The small matter of sub-titles

came up in the Clan Cat house last night.
The Senior Cat watches very little television - even less than I do. I watch the first part (non-sport) of the international news service and that is about it. We both watch a small documentary programme when it is not supplanted by more sport. The Senior Cat refuses to watch the news anymore. I don't blame him. Most of it is miserable sort of stuff.
But there was a short science item that he happened to stop and watch on his way through the room. I had to turn the sound up and then, as usual, "interpret" what someone with poor speech had said. Yes, the person was mumbling.
The Senior Cat is rather deaf these days. He refuses to wear hearing aids. He can hear me. He can hear most individual people. He can manage in some group situations. He tried hearing aids and they irritated him more than they helped. I can understand that. I had children at school who would sometimes pull them out. They were not being naughty. They just wanted the relief of not wearing them for a bit.
I could have turned the sub-titling on but that irritates the Senior Cat too. He knows it can't be so but he wants the text in full. Sub-titles for that are not the same as the sub-titles when something is interpreted from another language but neither is "complete". Most people speak far more quickly than other people can type in text - or read it!
We get quite a few sub-titles on our Special Broadcasting Service. It is supposed to be our multi-cultural broadcaster. It actually runs programmes in dozens of different languages. They also use sub-titles for some news items - often when interviewing someone who is speaking another language. I imagine it is faster and easier than finding someone to speak a translation.
It doesn't bother me. I am often just listening and looking at some knitting. If I know the context I can often understand enough of a European language to make sense of the item. It is not that I have the ability to speak multiple languages. I don't. It is because English sounding words appear in almost everything. Listen carefully and you will hear them.
Reading the subtitles irritates me for another reason - the translation will often be inaccurate.

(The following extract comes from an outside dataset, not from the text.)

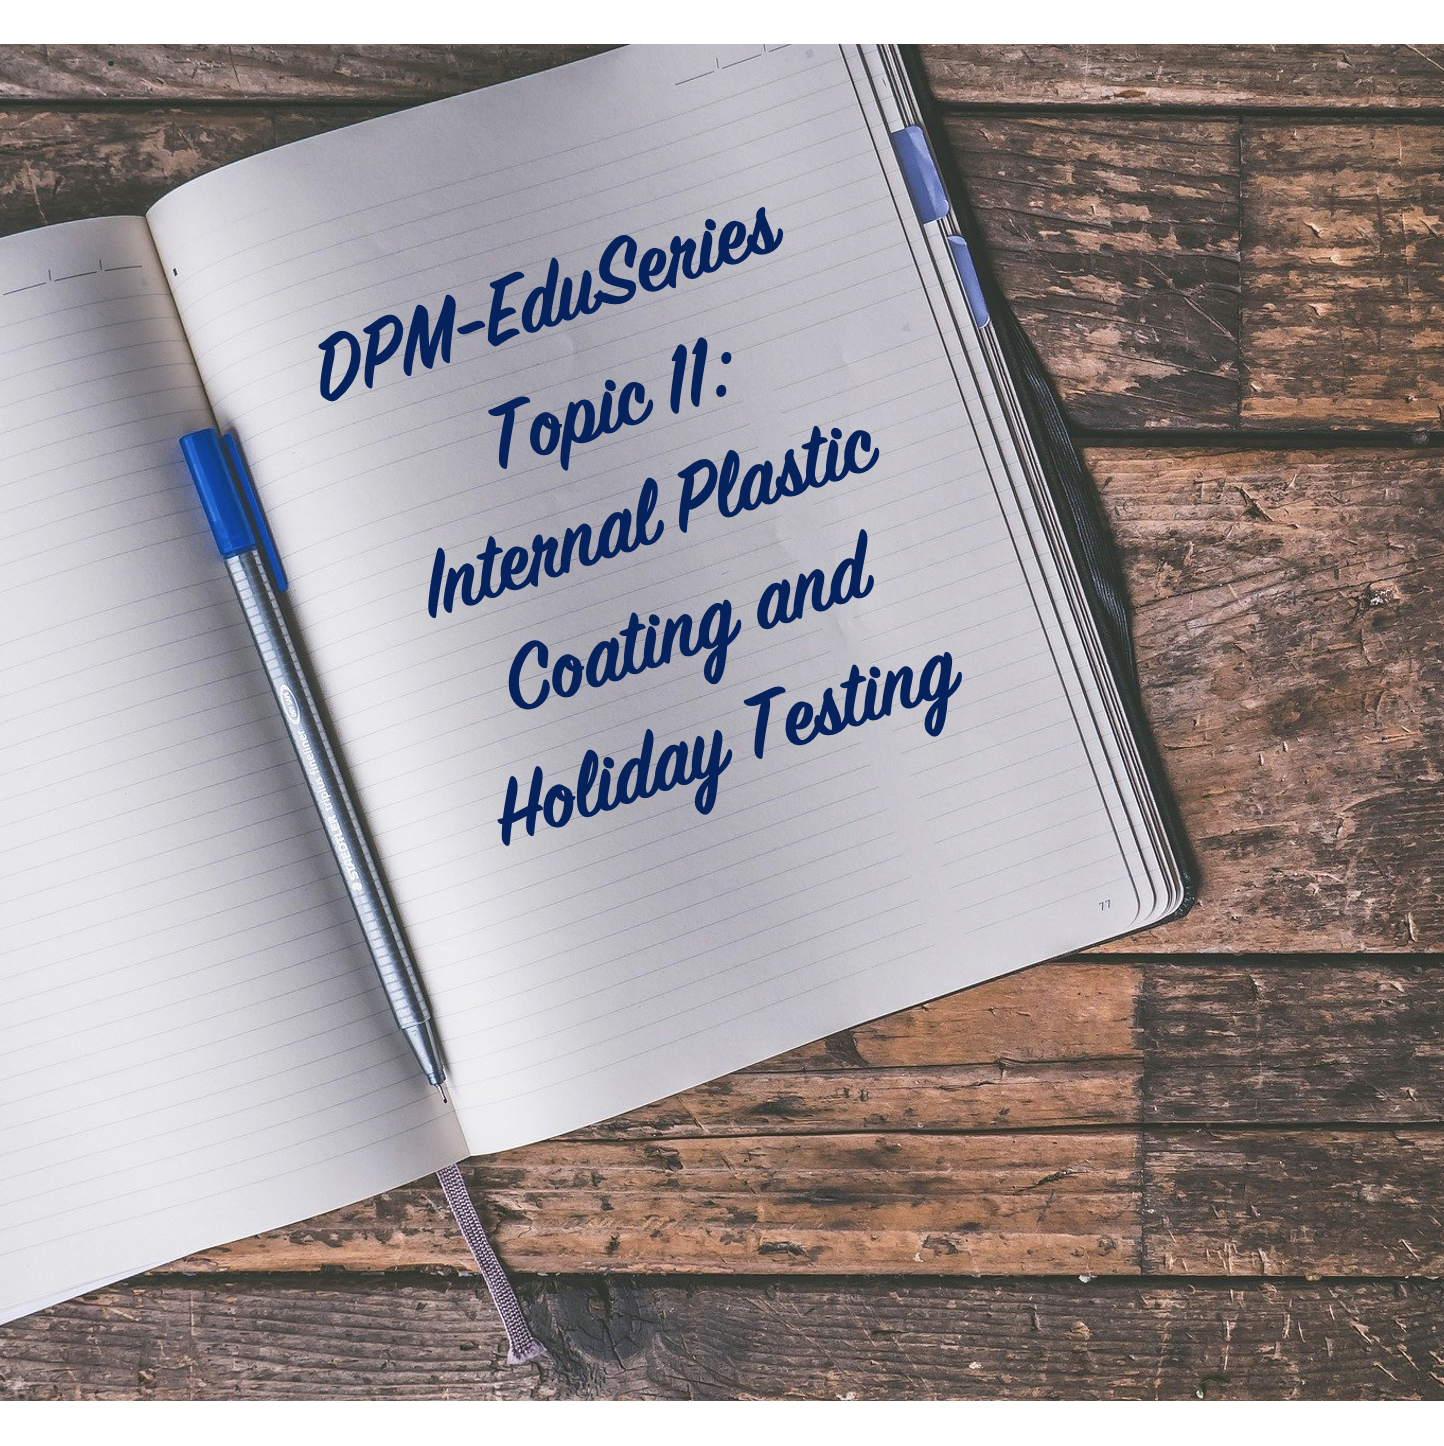 DPM-EduSeries Topic 11: Internal Plastic Coating and Holiday Testing

Yes, it is intended to give the general meaning of what someone is saying but it will give the general story rather than the words. What the speaker is saying may have a different meaning altogether.
And all this makes me wonder, over and over again, about words and meanings and what we lose in translation - and how easily we misunderstand each other.

2 comments:

Anonymous said...

Translations can be interesting! Yesterday I got a new appliance ... a hand held steam cleaner. The instructions refer several times to a hair brush. I have worked out how the thing works, except for the hair brush bit! Not game to try it on my hair anyway!

Anonymous said...

I also have doubts that the reporting is accurate. Twice, when I was at the occasion being reported, considerable errors of fact and interpretation were made. These were simple (trivial, in the greater scheme of things) mistakes but if a reporter cannot report accurately the simple things, will s/he do so with the complicated ones? Did the sub/editor alter things, including the meaning?

This is important, as newspapers (and, now, other forms of reportage) are treated as primary (and "gospel") sources.

Of course, everyone has her/is biases whether acknowledged or not... but some try to be aware of them and report neutrally.